Die Villa Gans war ein unter Denkmalschutz stehendes ehemaliges großbürgerliches Wohnhaus in Oberursel, Königsteiner Straße 29. Sie war lange Zeit Bildungsstätte der DGB-Jugend und stand seit 2004 leer. Wegen des geplanten Umbaus in ein Hotel gab es seit Jahren Konflikte mit dem Hessischen Landesamt für Denkmalpflege. Wegen der maroden Bausubstanz der Villa und der vielfältigen gravierenden statischen Mängel musste in enger Abstimmung mit den Denkmalbehörden im Rahmen der Sanierungsarbeiten soviel Originalsubstanz abgetragen werden, dass das Gebäude 2014 seinen Denkmalstatus verlor.[1]
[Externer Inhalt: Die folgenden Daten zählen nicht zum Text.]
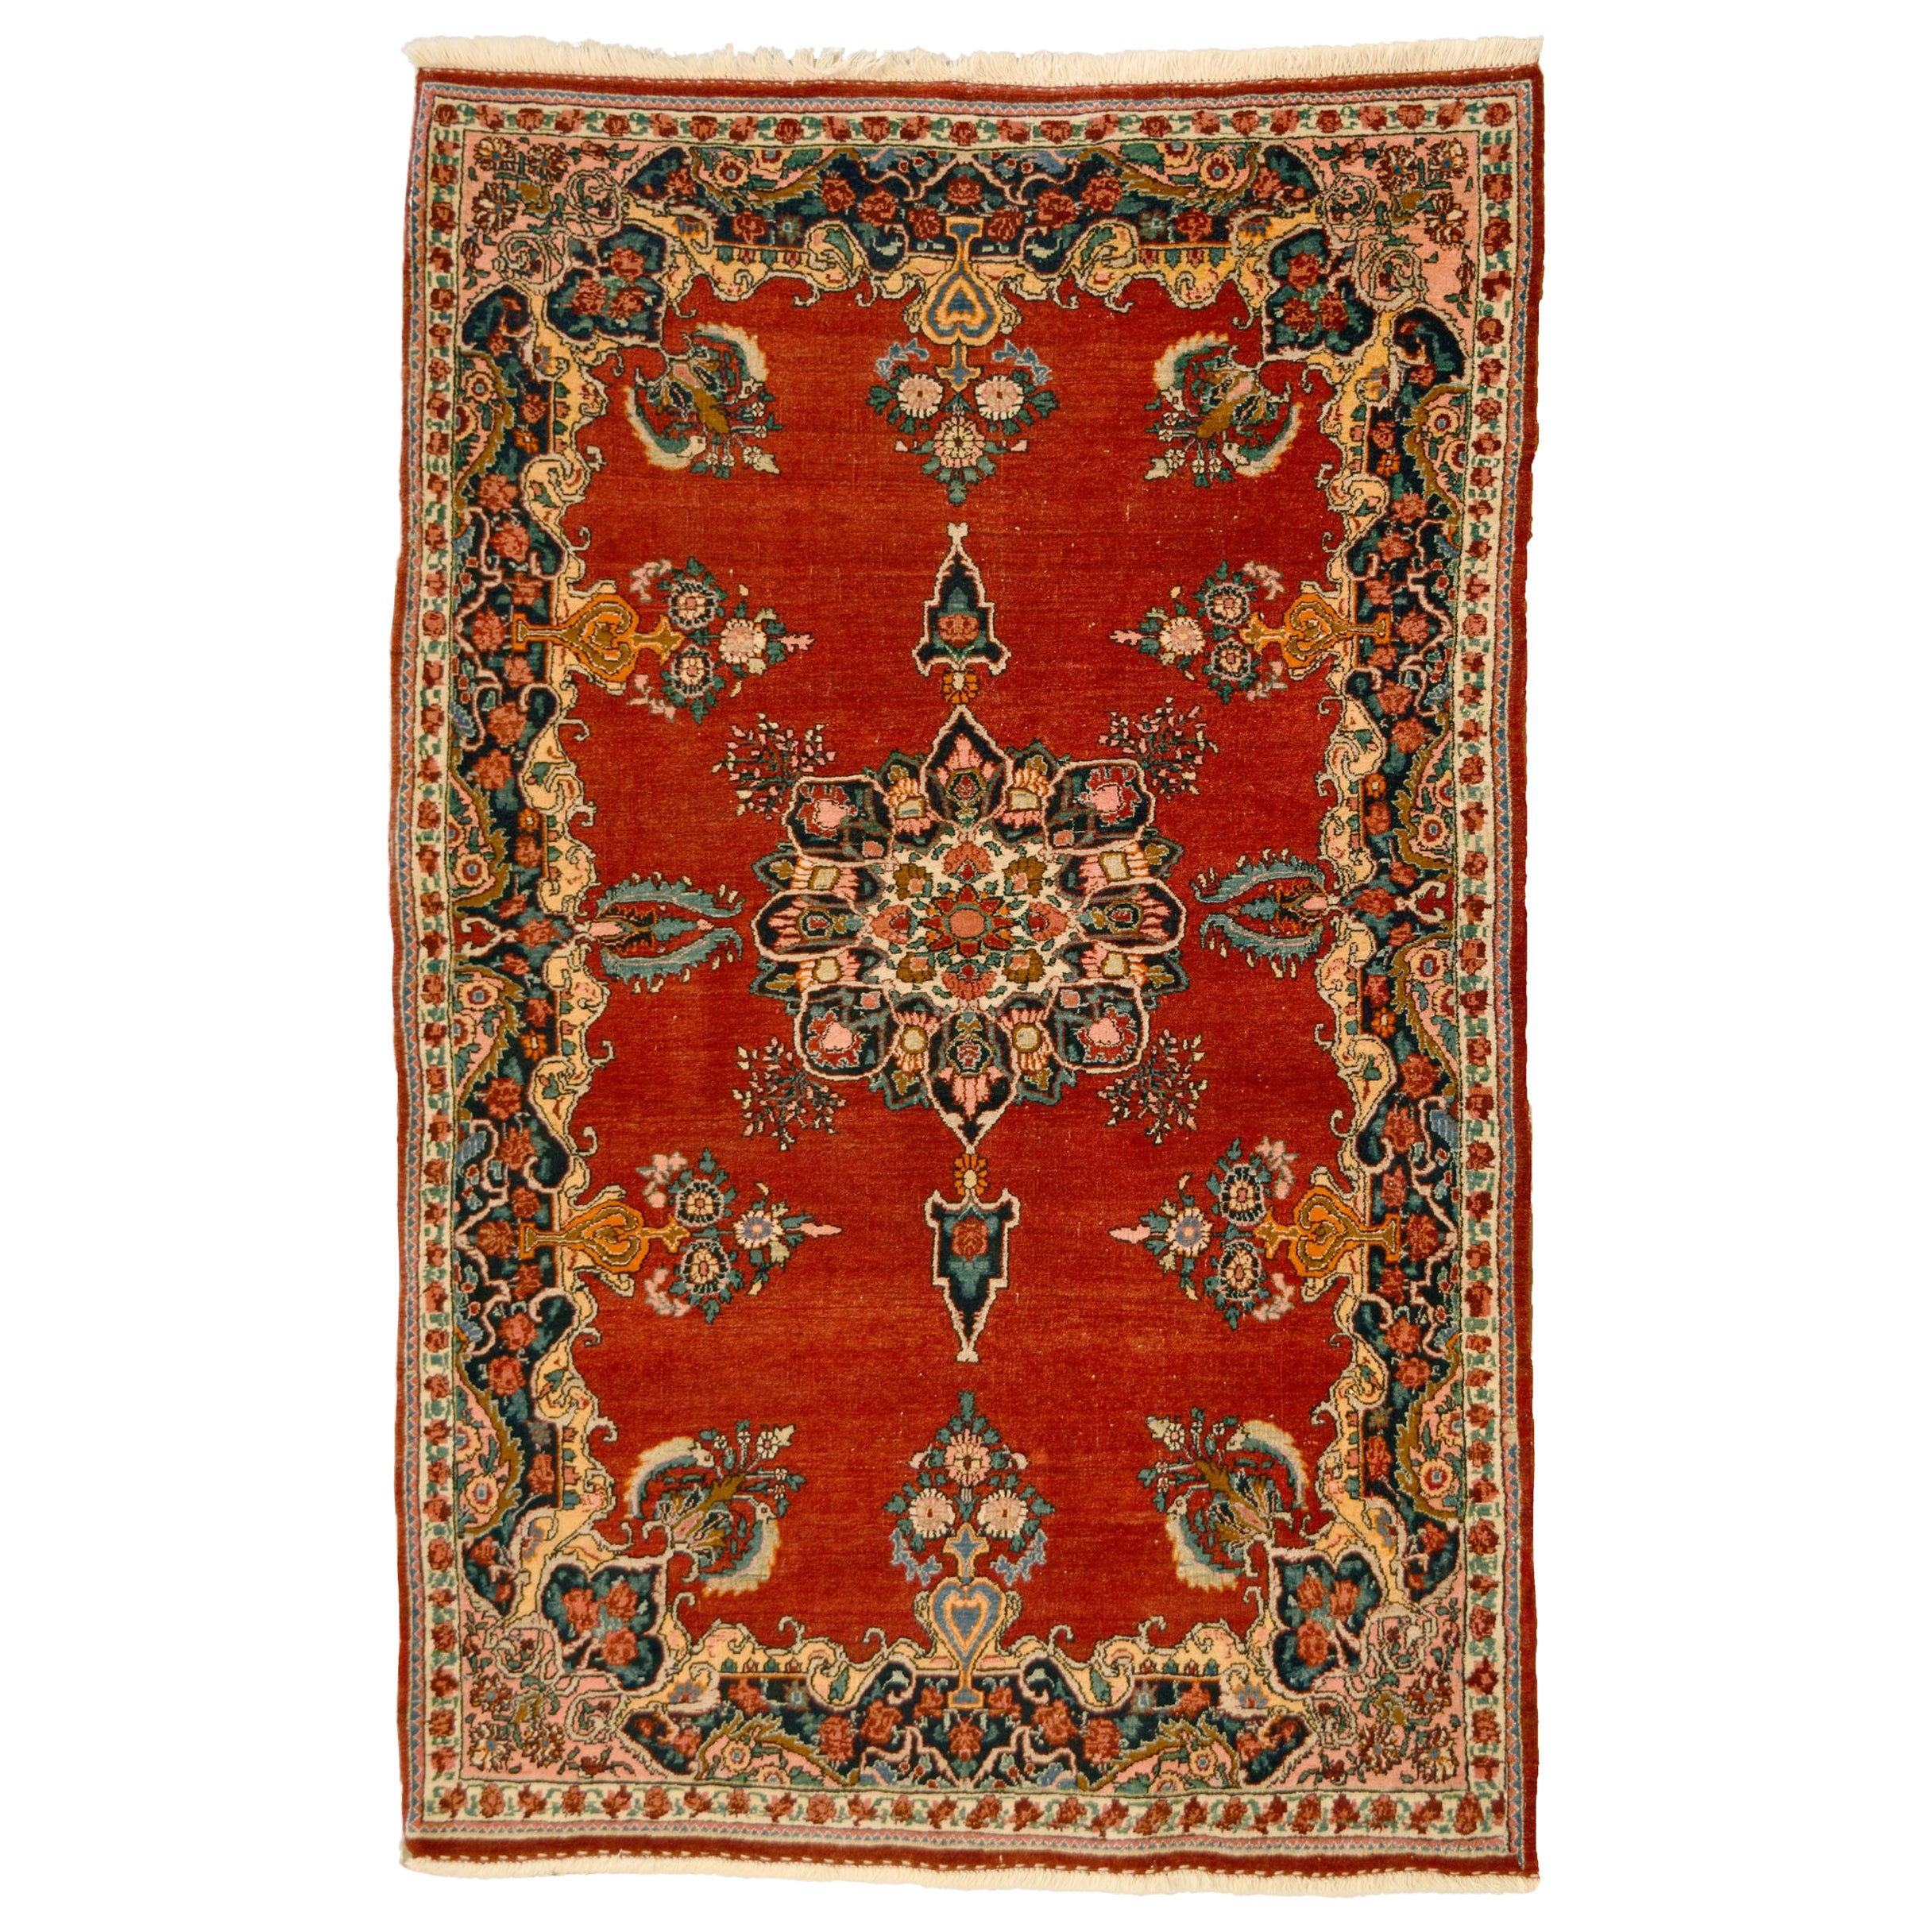 Antique Formal 1900s Persian Bidjar Rug in Red, Blue, and Gold, 4' x 6' For Sale

Rekonstruktion der teilabgerissenen Villa Gans in Oberursel, Zustand 22. Februar 2018

Ludwig Wilhelm Gans (* 6. August 1869 in Frankfurt am Main, 1946 in Kopenhagen) der Enkel des Cassella-Mitgründers Ludwig Aaron Gans ließ in Oberursel 1911 bis 1912 eine Chemiefabrik, das „Pharmazeutisches Institut L. W. Gans“ in Oberursel am Zimmersmühlenweg errichten. Er beauftragte den Architekten Otto Bäppler mit der Errichtung einer repräsentativen Villa außerhalb der Stadt nahe der Straße nach Königstein. 1909 und 1910 erfolgte der Bau der Villa Gans. Das Gelände mit der Flurbezeichnung „Kastanienhain“ war mit Esskastanien bewachsen. Elisabeth Gans, die Ehefrau von Ludwig Wilhelm Gans ließ das Gelände auf Rat ihres Vaters des Gartenarchitekten Charles Keller im Stil eines Englischen Landschaftsgartens anlegen. An Nebengebäuden wurde eine Reithalle mit Stallungen, eine Garage, ein Gewächshaus und später auch noch ein Wohnhaus für die Fabrikarbeiter erbaut.[2]

Der Vordertaunus war um die Jahrhundertwende bevorzugter Wohnsitz wohlhabender Frankfurter Bürger. So hatten auch weitere Mitglieder der Familie Gans Villen errichten lassen. So der Frankfurter Industrielle Adolf Gans in Königstein im Taunus, heute der Verwaltungssitz der Deutschen Rentenversicherung Hessen (siehe: Villa Gans (Königstein)). Auch Clara Gans ließ 1929 vom Architekten Peter Behrens eine Villa Gans an der Falkensteiner Straße in Kronberg im Taunus errichten (siehe Villa Gans (Kronberg)).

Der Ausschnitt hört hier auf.